I'm working on text mining problem and using Pandas for text processing. From the following example I need to pick only those row which have the max span (start - end) within the same category (cat)
Given this dataframe:
name start end cat
0 coumadin 0 8 DRUG
1 albuterol 18 27 DRUG
2 albuterol sulfate 18 35 DRUG
3 sulfate 28 35 DRUG
4 2.5 36 39 STRENGTH
5 2.5 mg 36 42 STRENGTH
6 2.5 mg /3 ml 36 48 STRENGTH
7 0.083 50 55 STRENGTH
8 0.083 % 50 57 STRENGTH
9 2.5 mg /3 ml (0.083 %) 36 58 STRENGTH
10 solution 59 67 FORM
11 solution for nebulization 59 84 FORM
12 nebulization 72 84 ROUTE
13 one (1) 90 97 FREQUENCY
14 neb 98 101 ROUTE
15 neb inhalation 98 112 ROUTE
16 inhalation 102 112 ROUTE
17 q4h 113 116 FREQUENCY
18 every 118 123 FREQUENCY
19 every 4 hours 118 131 FREQUENCY
20 q4h (every 4 hours) 113 132 FREQUENCY
21 q4h (every 4 hours) as needed 113 142 FREQUENCY
22 as needed 133 142 FREQUENCY
23 dyspnea 147 154 REASON
I need to get the following:
name start end cat
0 coumadin 0 8 DRUG
2 albuterol sulfate 18 35 DRUG
9 2.5 mg /3 ml (0.083 %) 36 58 STRENGTH
11 solution for nebulization 59 84 FORM
13 one (1) 90 97 FREQUENCY
15 neb inhalation 98 112 ROUTE
21 q4h (every 4 hours) as needed 113 142 FREQUENCY
23 dyspnea 147 154 REASON
What I tried is to groupby by the category and then compute the max difference (end-start). However I got stuck how to find the max span between for the same entity within the category. I guess it should not be very tricky
COMMENT
Thank you all for suggestions, but I need ALL possible entities within each category. For example, in DRUG, there are two relevant drugs: coumadin and albuterol sulfate, and some fractions of them (albuterol and sulfate). I need to remove only (albuterol and sulfate) while keeping coumadin and albuterol sulfate. The same logic for other categories.
For example, rows 4-8 are all bits of a complete row 9, thus I need to keep only row 9. Rows 1 and 3 are parts of the row 2, thus I need to keep row 2 (in addition to row 0). Etc.
Obviously, all constituents ('bits') are within the max range, but the problem is to find the max (or unifying range) of the same entity and its constituents)
COMMENT 2
A possible solution could be: to find all overlapping intervals within the same category cat and pick the largest.
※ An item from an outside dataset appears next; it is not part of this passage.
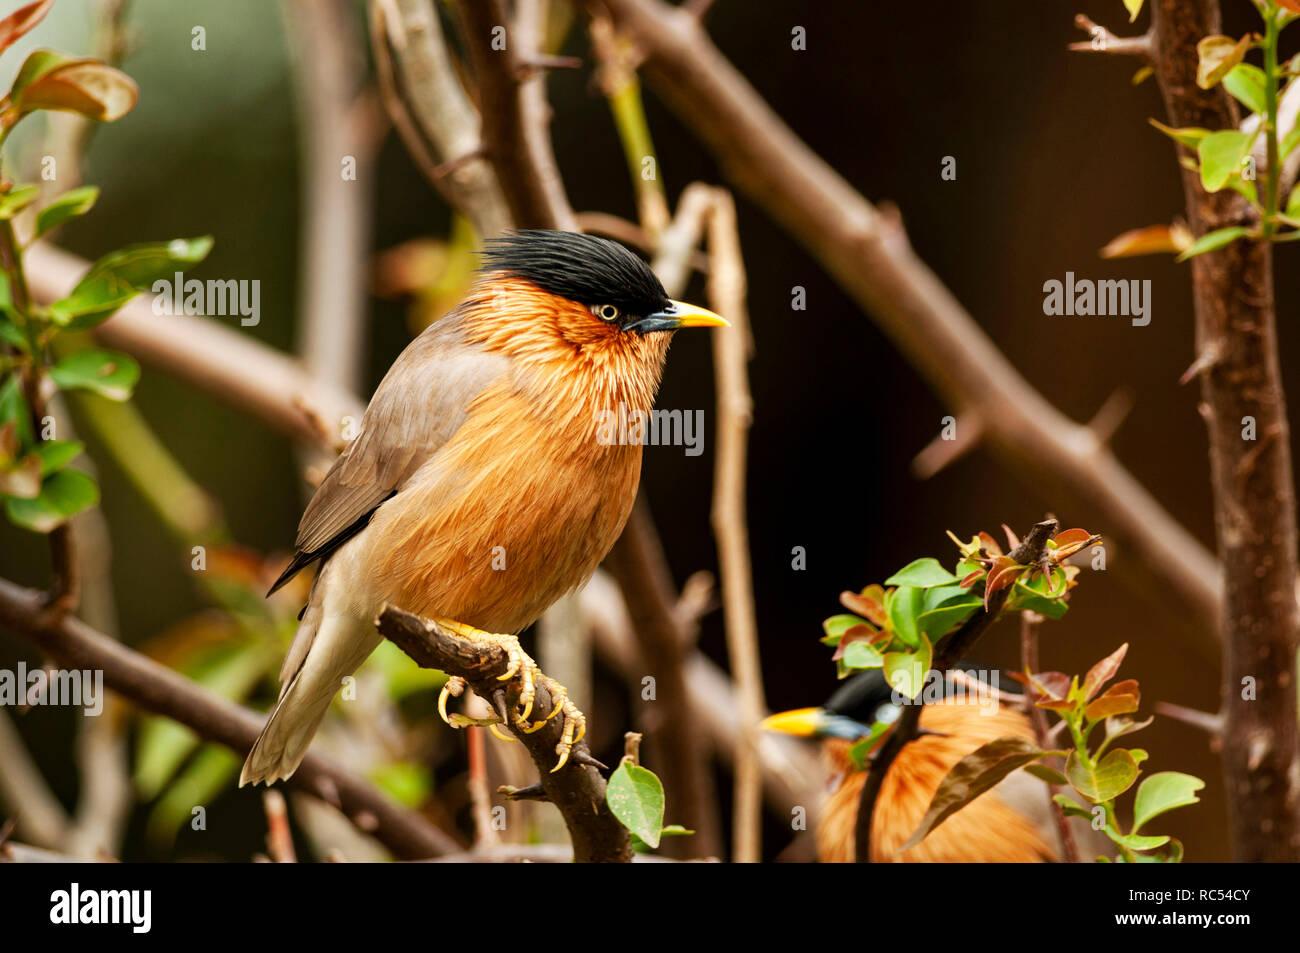 Brahminy starling, Sturnia pagodarum, Bharatpur, Rajasthan, India - Stock Image

I'm trying to implement, but not luck so far.
Possible Solution
I sorted columns by ascending and descending order:
df.sort_values(by=[1,2], ascending=[True, False])
0 1 2 3
0 coumadin 0 8 DRUG
2 albuterol sulfate 18 35 DRUG
1 albuterol 18 27 DRUG
3 sulfate 28 35 DRUG
9 2.5 mg /3 ml (0.083 %) 36 58 STRENGTH
6 2.5 mg /3 ml 36 48 STRENGTH
5 2.5 mg 36 42 STRENGTH
4 2.5 36 39 STRENGTH
8 0.083 % 50 57 STRENGTH
7 0.083 50 55 STRENGTH
11 solution for nebulization 59 84 FORM
10 solution 59 67 FORM
12 nebulization 72 84 ROUTE
13 one (1) 90 97 FREQUENCY
15 neb inhalation 98 112 ROUTE
14 neb 98 101 ROUTE
16 inhalation 102 112 ROUTE
21 q4h (every 4 hours) as needed 113 142 FREQUENCY
20 q4h (every 4 hours) 113 132 FREQUENCY
17 q4h 113 116 FREQUENCY
19 every 4 hours 118 131 FREQUENCY
18 every 118 123 FREQUENCY
22 as needed 133 142 FREQUENCY
23 dyspnea 147 154 REASON
Which puts the relevant row the first, however, I still need to filter out irrelevant rows....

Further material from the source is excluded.